Tenenbaum learned from a story by The State’s John Monk that Columbia actually owed New York a fire truck. In 1867, just two years after the end of the Civil War, New York had sent the war-torn city one of its own horse-drawn fire carriages as a sign of reconciliation.
“The first one sank on a ship off Cape Hatteras,” Tenenbaum said. “So the soldiers raised the money themselves, Union soldiers stationed in Columbia, to bring them one.”
The Northerners also built Columbia a new fire station out of material from the 1865 citywide fire. That building now houses the Villa Tronco Italian restaurant on Blanding Street.
A former Confederate colonel, Samuel Melton, told New Yorkers that “should misfortune ever be yours,” he hoped Columbia would “obey that golden rule by which you have been prompted in the performance of this most munificent kindness to a people in distress.”
White Knoll students were likely unaware of such an old connection between the two cities, but social studies teacher Leigh Cogdill remembers the enthusiasm of her students for the project.
“I’m not sure how much they even understood what was happening, but they got so behind it,” Cogdill said. “That’s the spirit of White Knoll. Whatever they had to raise, this community does not have a lot of money, but they’re going to give and give.”
Money came in from far and wide. The efforts of the small Lexington County school made national news and money came in from all over the country. Children sent in small amounts of cash with hand-written letters for the firefighters, while adults mailed checks from as far away as China.
“We really couldn’t have done this without the support we got from Lexington, from Columbia, from all of South Carolina in how they responded,” Turner said.
Turner said it was never a problem getting the students excited about reaching the goal. “With middle school kids, the sky’s the limit,” she said. “They were full steam ahead.”
McManus said the events of 9/11 are the “closest thing to what Pearl Harbor meant for the World War II generation.”
“I don’t think I really knew the severity of it, but I kind of fed off the vibes of the adults around me,” McManus remembers of that day at White Knoll. “I remember parents coming to check their kids out early.
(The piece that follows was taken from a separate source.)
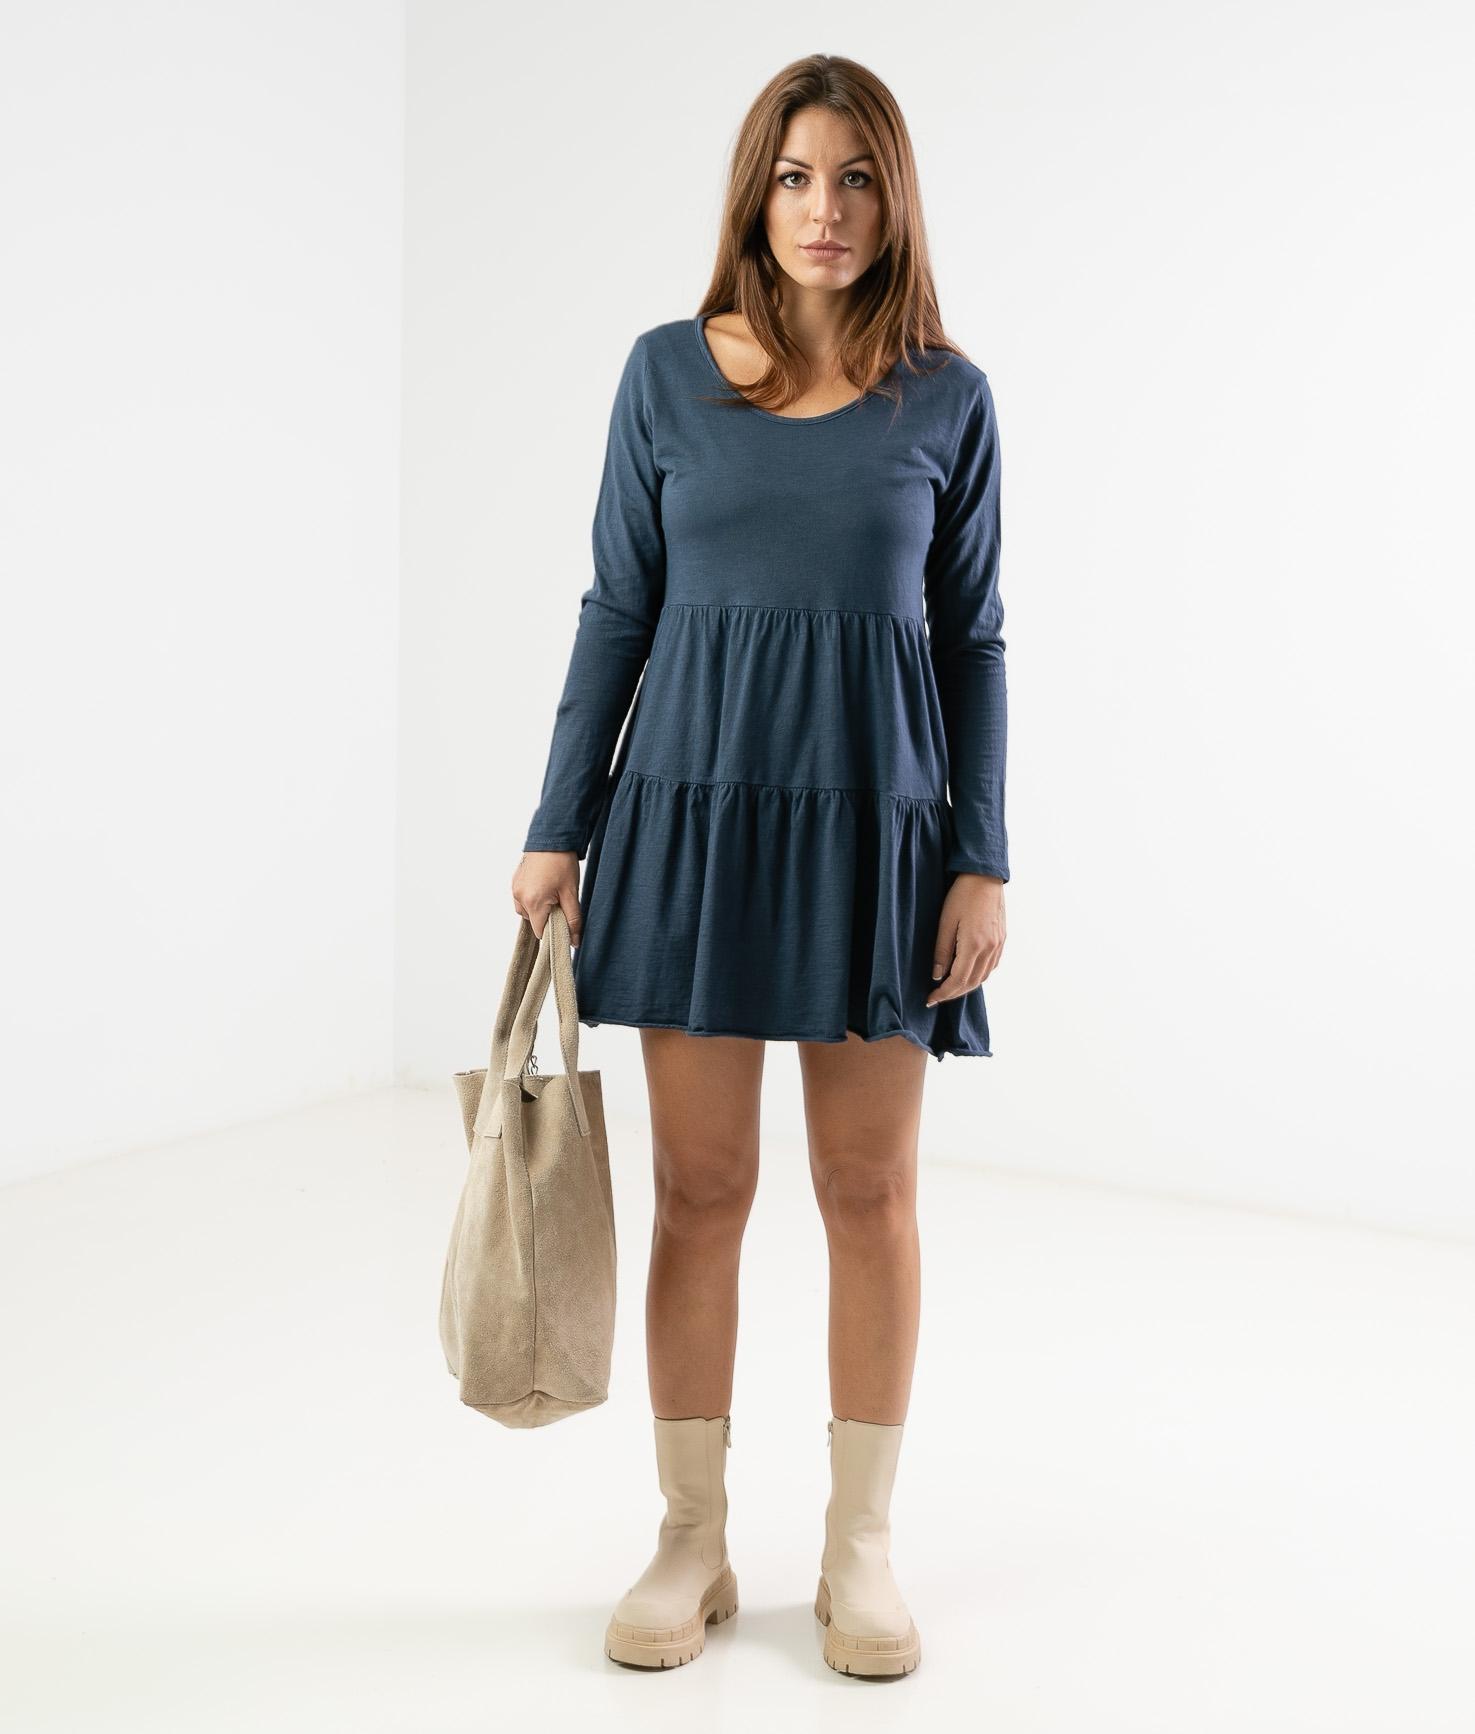 CIMERA DRESS - DARK BLUE

They didn’t know what was happening. People thought we were going to war. I remember I got home and my parents sat me down and we processed it the best way we could.”
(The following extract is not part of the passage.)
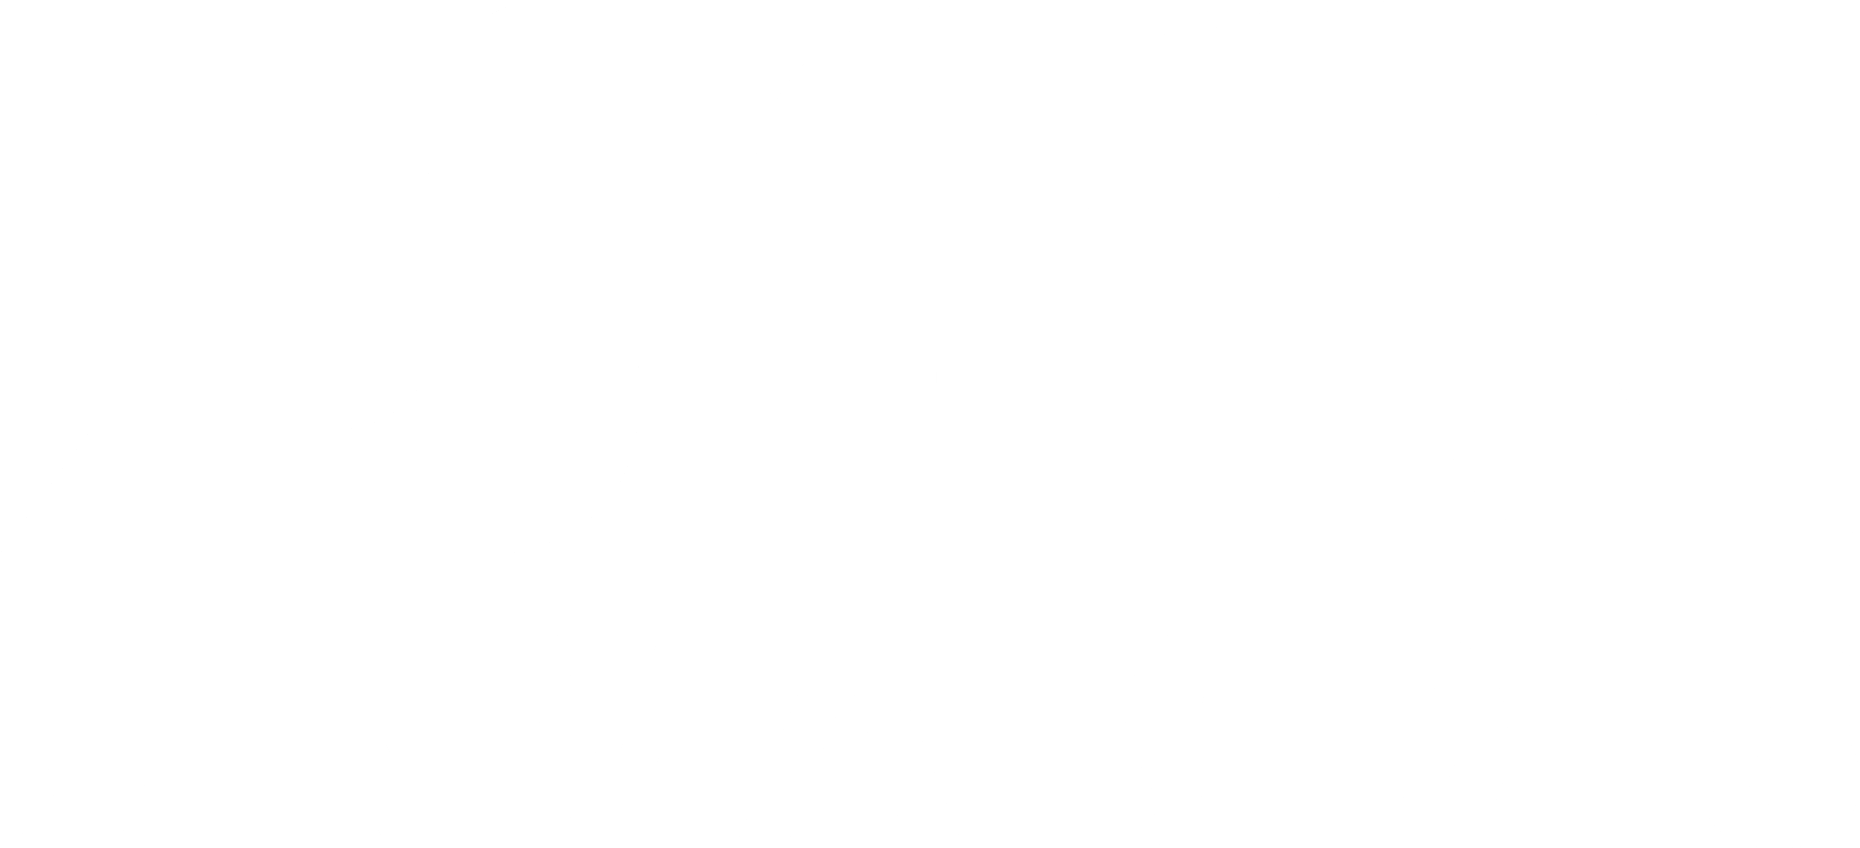 Jinma Rides Array image60

As the ladder truck neared the end of its service, the original purchasers sought a way to bring it back to the Midlands, hopefully to put it on display as an educational tool. But New York City authorities are reluctant to release a fire truck once they have it, even if it’s no longer in service.
“They go into the reserves, and then when you have a truck that breaks down, they’ll take it out,” said Irmo Fire Chief Mike Sonefeld, who has kept up with the local truck in the big city. “They have a junkyard where they take out parts for their other cars.”
It’s fitting, Sonefeld said, that if the engine can’t come back to South Carolina, “it lived a long life, and now pieces of it are on other fire trucks all over New York City.”
Instead, White Knoll Middle School students today can still see a mural of both the 1867 and 2001 fire engines painted to commemorate the event, along with a piece of the original Red Hook engine destroyed on 9/11.
Cogdill remembers the reception the White Knoll crew got when they visited the Red Hook Raiders’ home station, from the firehouse tour to the dinner they were treated to.
“They really made us feel like we did something that made a difference,” she said.
Turner’s husband, Leslie Turner, said “they made White Knoll an extension of Red Hook,” and that for years after, South Carolinians would show up at the station to see “their” fire truck.
Nancy Turner said the success of the fundraising drive, at a time when so many people felt helpless in the face of so much chaos and death, has a lesson for school kids and everyone else.
“People can do a lot of things that others say are impossible,” she said. “If you set your mind and heart on it, it can work.”